Уже намного позднее, достигнув некоторой зрелости, мне открылась истинная причина этого надлома – мы не смогли простить друг другу того безропотного молчаливого согласия, которое погубило плод нашей любви.
По обеим сторонам шоссе мокрыми чёрными пятнами мелькали горбатые избы с ввалившимися крышами и ветхие деревянные бараки. В некоторых окнах с уцелевшими стёклами тускло горел свет. Внутри ещё оставалась какая-то жизнь. Но большинство домов забросили много лет назад и теперь они тупо таращились на дорогу пустыми глазницами. Немногочисленные обитатели этих убогих жилищ представлялись мне полуживыми куклами, существующими лишь для заполнения пустого пространства. Чем можно заниматься на краю мира? Есть, да спать. Еще пить. Но многим ли я сам отличался от них? Что, если и мне отведена жалкая роль статиста на чужом празднике жизни? Я верил, что только Катя могла помочь мне преодолеть этот экзистенциальный кризис, граничивший с безумием.
У меня сохранился ее Петербургский адрес и однажды, испытывая приступ душевного помутнения, я отправился к домику персикового цвета на Кирочной. Когда мы встречались, Катя жила здесь с отцом в двух комнатах коммунальной квартиры. Вероятно, они давно съехали, но от отчаянья мне не оставалось ничего другого, как довериться удаче.
В небритом отёкшем лице, появившемся в дверях, я не сразу признал Эдуарда Александровича, отца Кати. Он сильно постарел и, очевидно, много пил. Влажные от алкогольных возлияний глаза настороженно разглядывали меня.
– А, это ты. Зачем пришёл? – прохрипел Эдуард Александрович.
– Хочу Катю увидеть. Она дома?
– Катрин давно здесь не живет. Уехала. Думал, будет ждать тебя тут до старости?
– Куда ехала?
– Она замуж выскочила за пианиста. Уехала с ним в Англию.
– И давно? – растерянно спросил я, будто бы теперь это имело какое-то значение.
– Послушай, тебе раньше приходить надо было. Она ведь на таблетках сидела много лет и по больницам лежала. Любила тебя, как кошка и все ждала. А сейчас чего…
И он закашлялся, обдавая меня зловонием перегара. Я смотрел на него и думал, как же легко пьянству стереть с лица человека интеллигентность, превратить физически крепкого мужчину в трясущегося старика.
– Ты извини, – сказал он, когда, наконец, прокашлялся, – меня там гости ждут, надо идти.
Эдуард Александрович тихонько, как если бы не хотел разбудить кого-то, закрыл за собой дверь.
Больше я не решался заходить к нему. Отец Кати выглядел настолько жалко, что на него нельзя было смотреть без душевного содрогания.

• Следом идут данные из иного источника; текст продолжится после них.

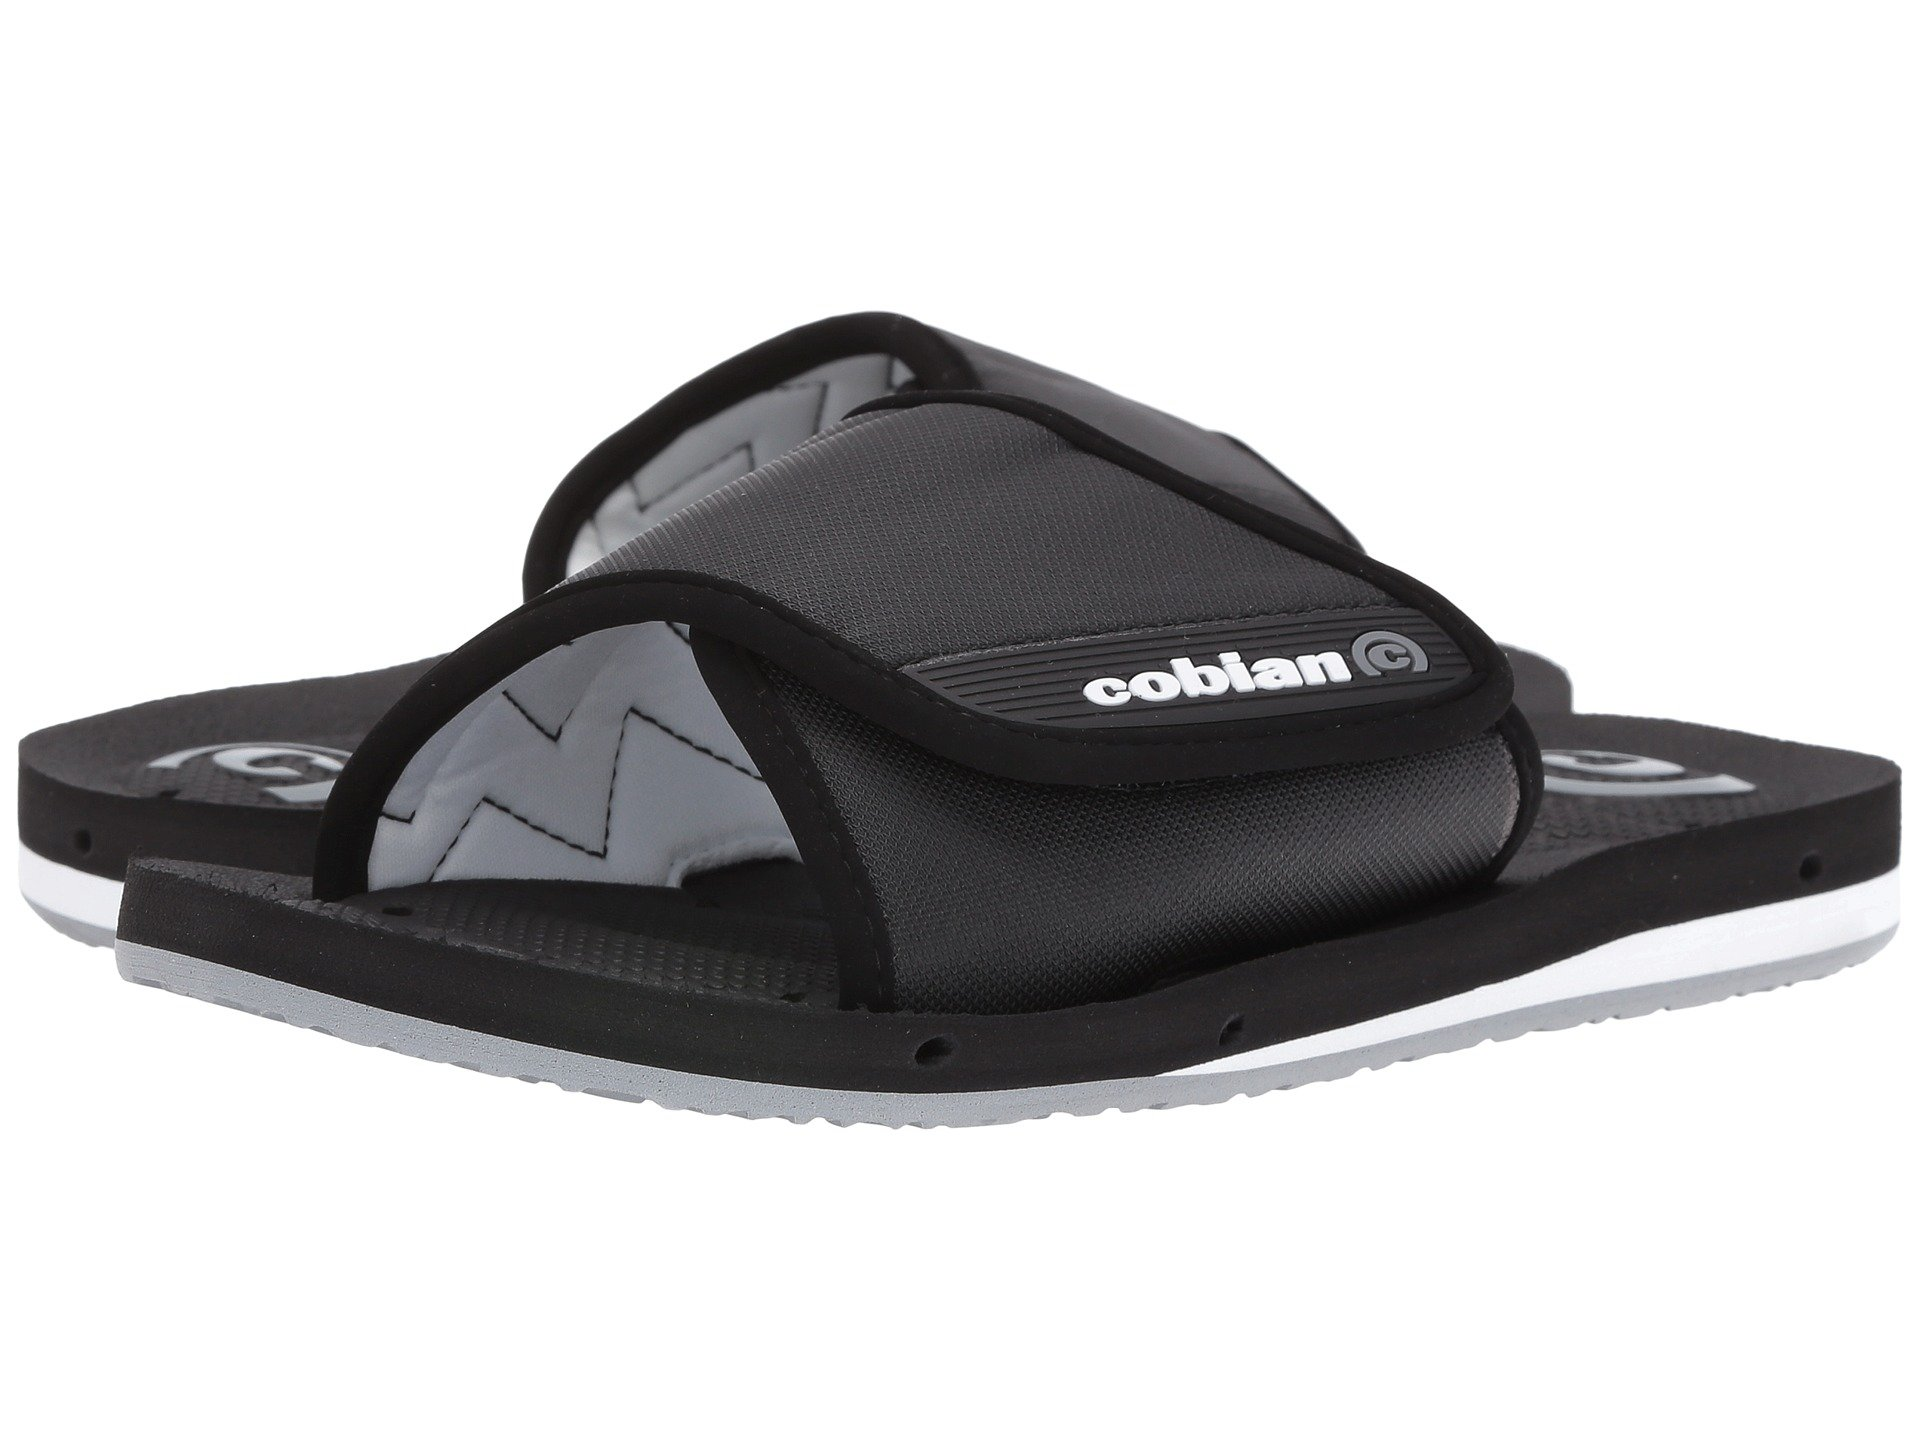 699605d9dfaa Men s Cobian Sandals + FREE SHIPPING

Я подъезжал к Москве. Впереди, подернутые лёгкой морозной дымкой, перемигивались солнечными бликами стекляшки-небоскрёбы. Буквально на днях пришло письмо. Катя писала на мой единственный адрес, который, оказывается, не забыла. Она отправила послание, надеясь на волю случая, потому что не знала, живу ли я до сих пор по нему. Точно так же, несколько лет назад, я наудачу пришёл к ее дому на Кирочной. Какая удивительная общность мысли! В письме Катя сообщала, что возвращается из Англии в Москву такого-то числа. Здесь она ляжет в клинику неврозов, чтобы справиться с тяжелой депрессией. Раньше девушка проходила терапию в Англии, но после того, как чуть не покончила с собой, муж подал бумаги на развод. Чтобы оставаться в Англии дальше, не было ни сил, ни денег.
«Я остановлюсь у подруги по адресу… Если ты получишь это послание и захочешь вдруг увидеть меня, знай, я буду ждать тебя», – говорилось в письме.
Сливаясь с шумным потоком столичных автострад, я подумал, что если Катин недуг действительно такой тяжелый, то нужно сделать все, чтобы ей помочь. Принимая помощь, она, сама того не подозревая, поможет мне. Предугадать как будут развиваться события после встречи – невозможно, но, не смотря на чёрную зудящую пустоту внутри, верилось в самый хороший сценарий. Ведь не могло же все это происходить со мной просто так, беспричинно? Москва – негостеприимный, жестокий город. Нам придётся пожить в ней какое-то время. Но если мы будем друг у друга, то обязательно справимся с любыми трудностями, а позднее, как только болезнь отступит, вернёмся домой.